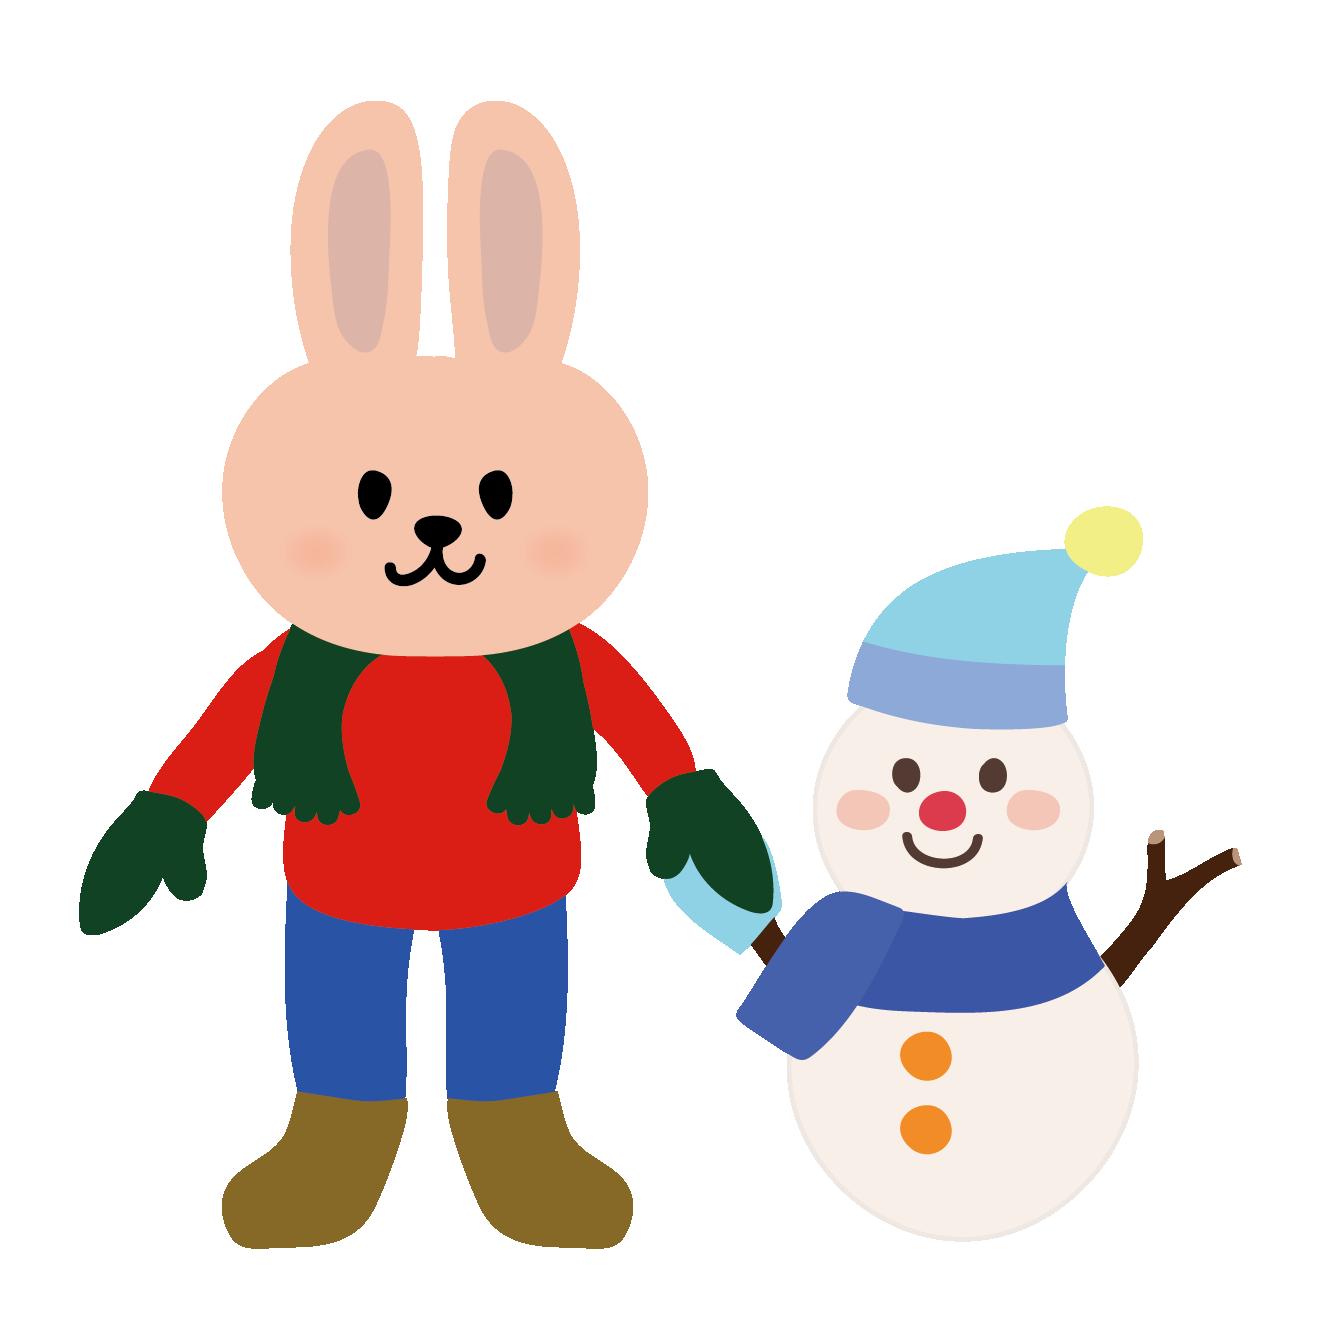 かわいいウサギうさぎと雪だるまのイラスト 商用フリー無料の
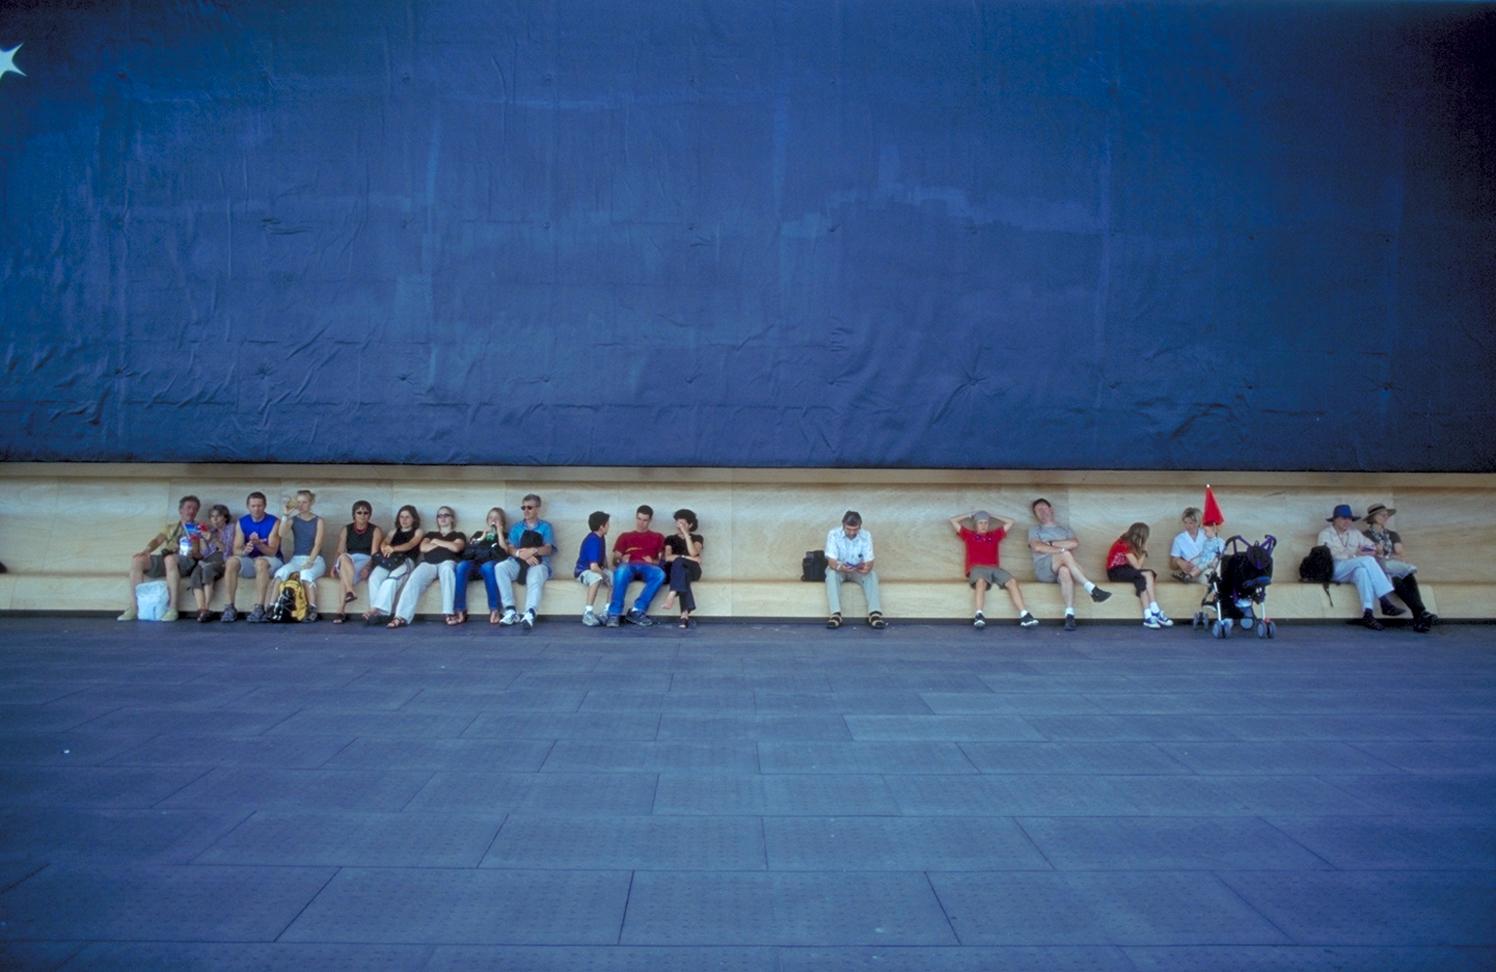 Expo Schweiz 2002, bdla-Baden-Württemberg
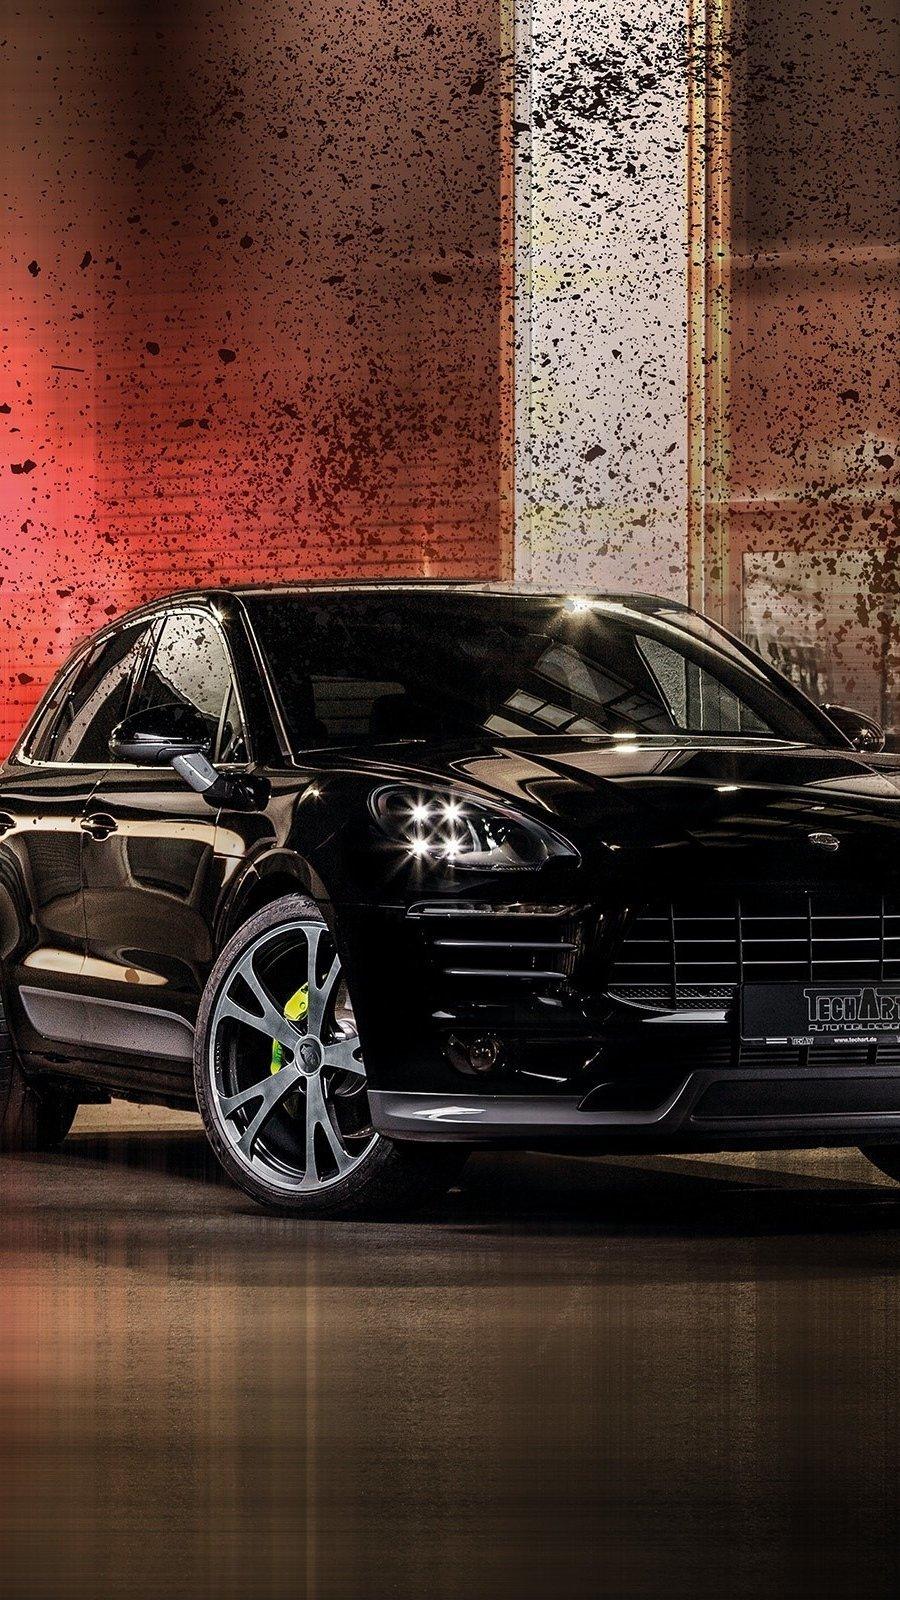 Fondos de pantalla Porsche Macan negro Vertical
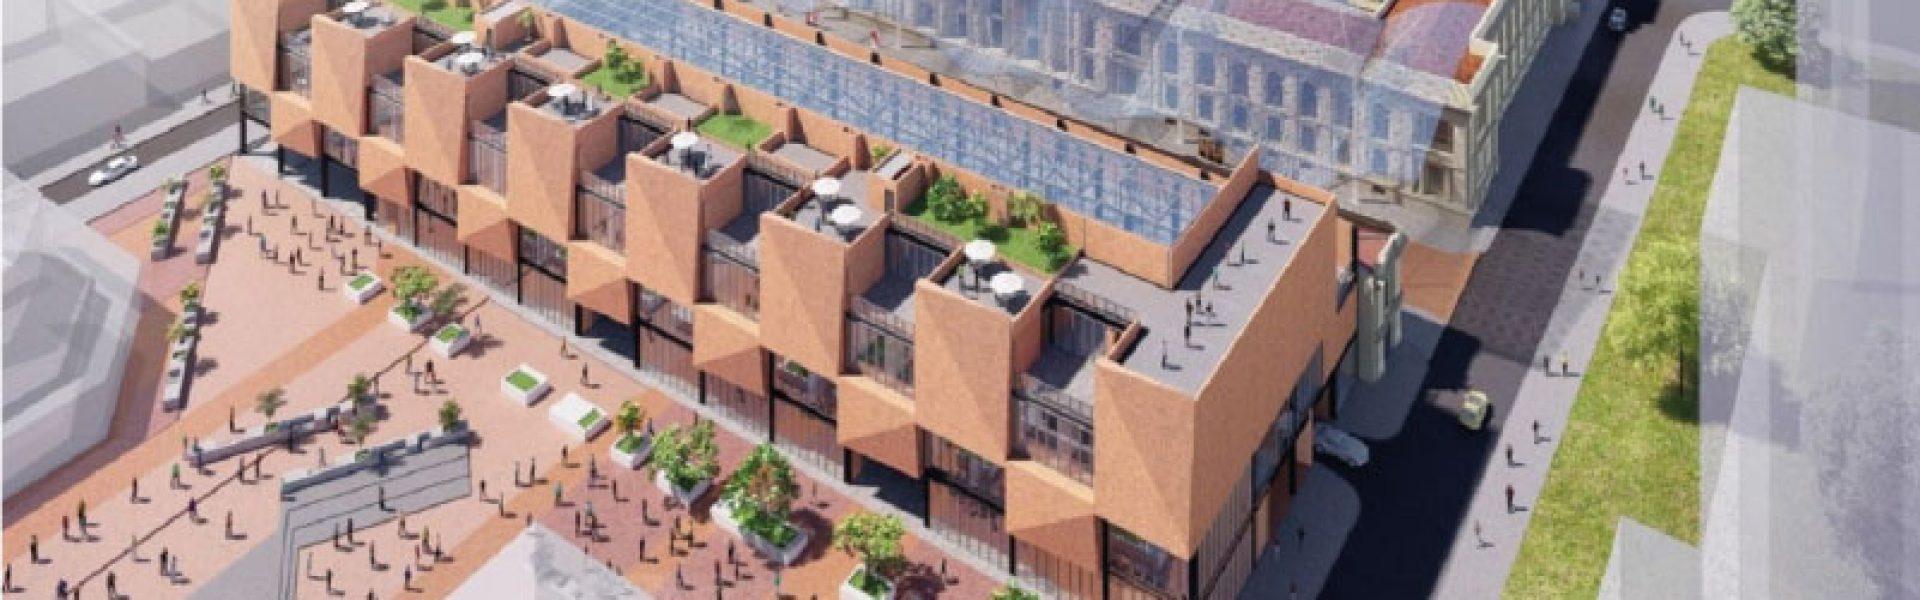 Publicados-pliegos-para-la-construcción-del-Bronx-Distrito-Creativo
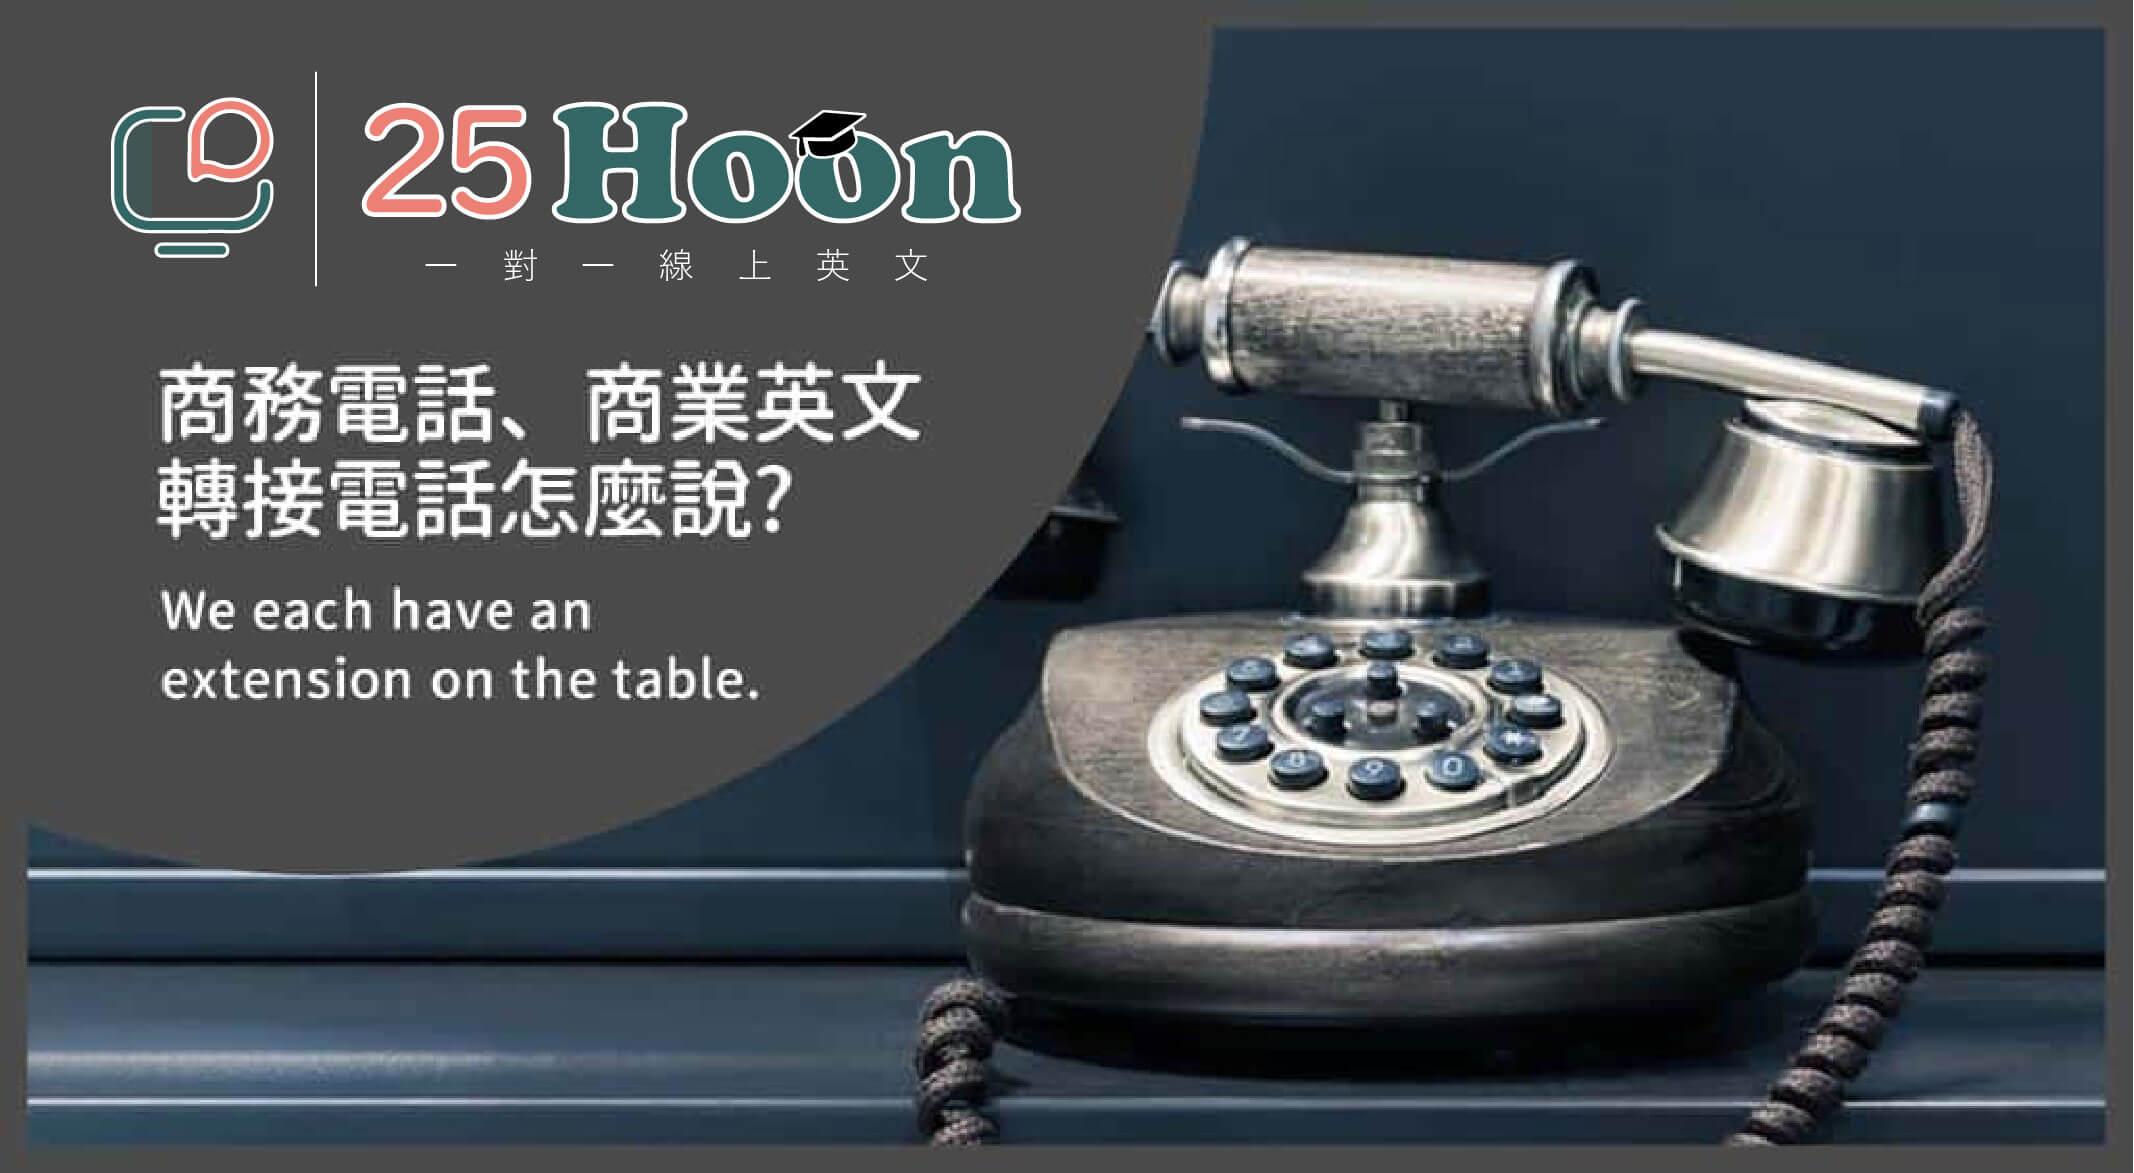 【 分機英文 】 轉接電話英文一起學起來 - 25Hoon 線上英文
━━━━━━━━
#### Problem to solve
Every line of the material must be repeated exactly; pictures stay out.

#### Result of this exercise
 かわいいウサギうさぎと雪だるまのイラスト 商用フリー無料の
 Expo Schweiz 2002, bdla-Baden-Württemberg
 Fondos de pantalla Porsche Macan negro Vertical
 Publicados-pliegos-para-la-construcción-del-Bronx-Distrito-Creativo
 【 分機英文 】 轉接電話英文一起學起來 - 25Hoon 線上英文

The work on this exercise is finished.